Insécurité alimentaire au Togo : le PAM dément la crise

Insécurité alimentaire au Togo : le PAM dément la crise

L’information a fait le tour du web. Puis des réseaux sociaux. « 330 000 Togolais menacés par une insécurité alimentaire aiguë ». Un chiffre qui a provoqué inquiétude et polémique. Sauf que… la réalité est plus nuancée. Et la source elle-même, le Programme Alimentaire Mondial (PAM), a formellement démenti être l’instigateur de cette publication.

Le PAM dément

Présenté par certains médias français comme l’auteur du rapport alarmant, le Programme Alimentaire Mondial (PAM) a formellement démenti. L’organisation n’a pas publié d’alerte récente sur le Togo. Le silence du gouvernement togolais, critiqué par l’opposition, s’expliquerait donc par l’absence de crise avérée.

Alors, d’où viennent ces fameux 330 000 ?

Des chiffres du Cadre Harmonisé… sortis de leur contexte

Les chiffres évoqués sont issus du Cadre Harmonisé, un outil régional de référence du CILSS (Comité permanent inter-États de lutte contre la sécheresse dans le Sahel). Ce rapport date de novembre 2025. Il s’agit d’une projection fondée sur des hypothèses de risque pour la période de soudure (juin-août). Pas d’un constat de crise actuelle.

En clair : on a pris une projection à six mois, on l’a présentée comme une alerte immédiate.
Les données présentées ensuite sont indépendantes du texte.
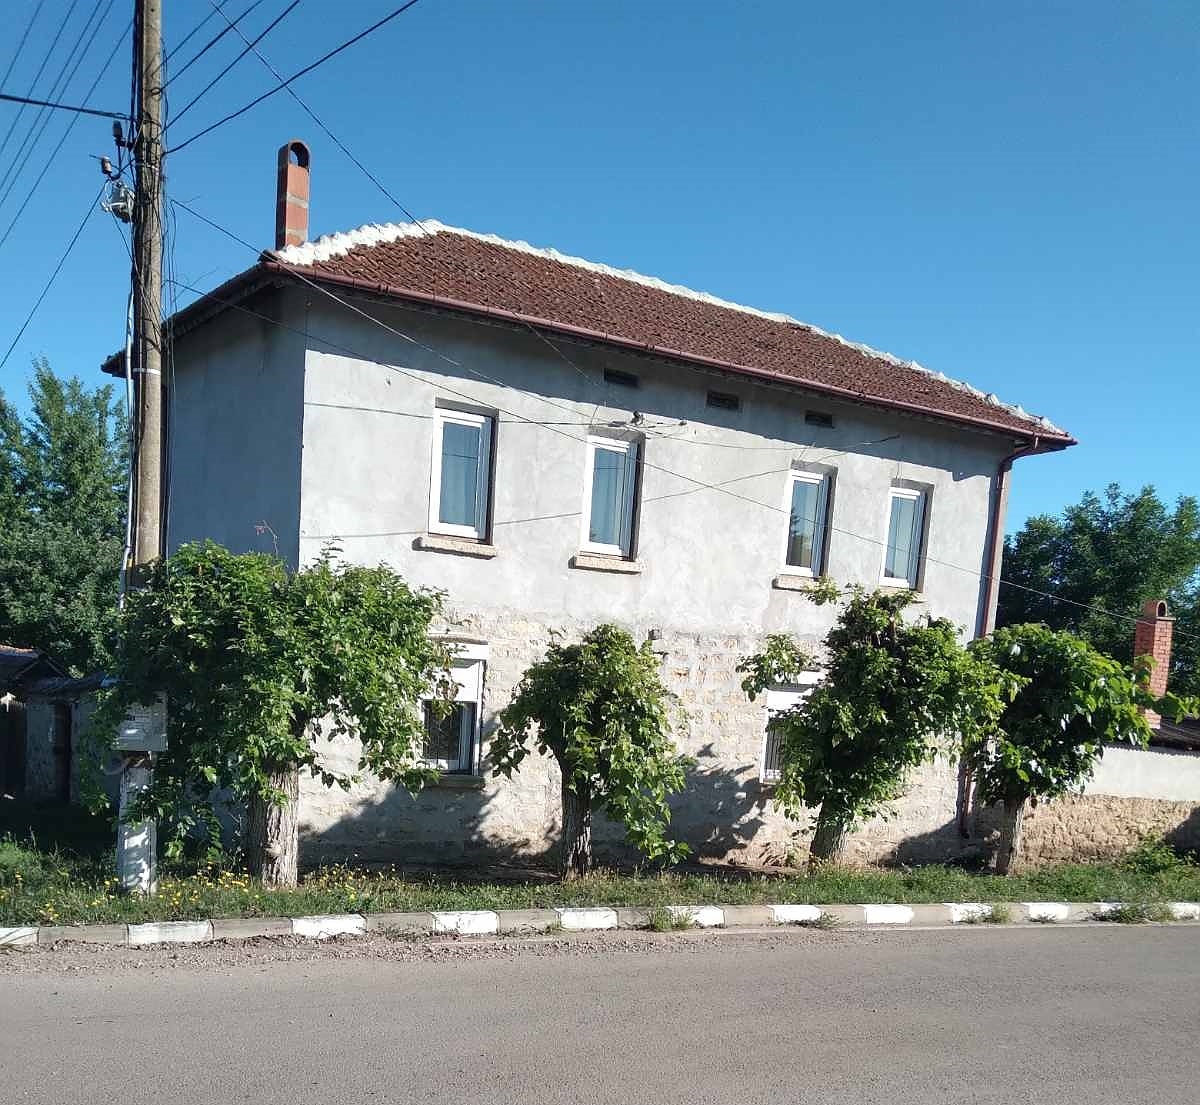 /partially-furnished-and-renovated-rural-house-with-plot-of-land-situated-in-a-big-village-near-river-55-km-northwest-of-vratsa-b/

Erreur méthodologique lourde.

Ce que disent vraiment les chiffres récents au Togo

Les données les plus récentes dressent un tableau globalement favorable :

  • Production agricole supérieure à celle de l’année précédente et à la moyenne des cinq dernières années
  • Baisse des prix du maïs, du sorgho et du niébé sur les marchés
  • Stocks céréaliers institutionnels et ménagers importants
  • Acalmie sécuritaire favorisant le retour de populations déplacées dans certaines localités

Rien à voir avec une « crise alimentaire aiguë » imminente.

Le gouvernement togolais propose 40 000 tonnes de denrées au PAM

Autre fait qui contredit le récit alarmiste : le gouvernement togolais a proposé au PAM la mise à disposition de plus de 40 000 tonnes de denrées alimentaires. Une offre qui ne ressemble pas à celle d’un pays en pleine famine.

Par ailleurs, le Programme d’urgence pour le renforcement de la résilience dans la région des Savanes (PURS) déploie une réponse intégrée sur le terrain.

La région des Savanes reste fragile, mais pas en crise

Cela ne signifie pas que tout va bien dans le nord du Togo. La région des Savanes reste fragile : déplacements de populations, pression sur les ressources, défis climatiques. Mais les autorités et les partenaires humanitaires préfèrent anticiper plutôt que subir.

Le vrai risque serait de créer une panique inutile qui pourrait, à terme, nuire à la crédibilité des alertes humanitaires lorsqu’une vraie crise surviendra.

Cette affaire rappelle l’importance de vérifier ses sources et de remettre les chiffres dans leur contexte. Un titre choc vend du clic, mais peut aussi semer la peur injustifiée.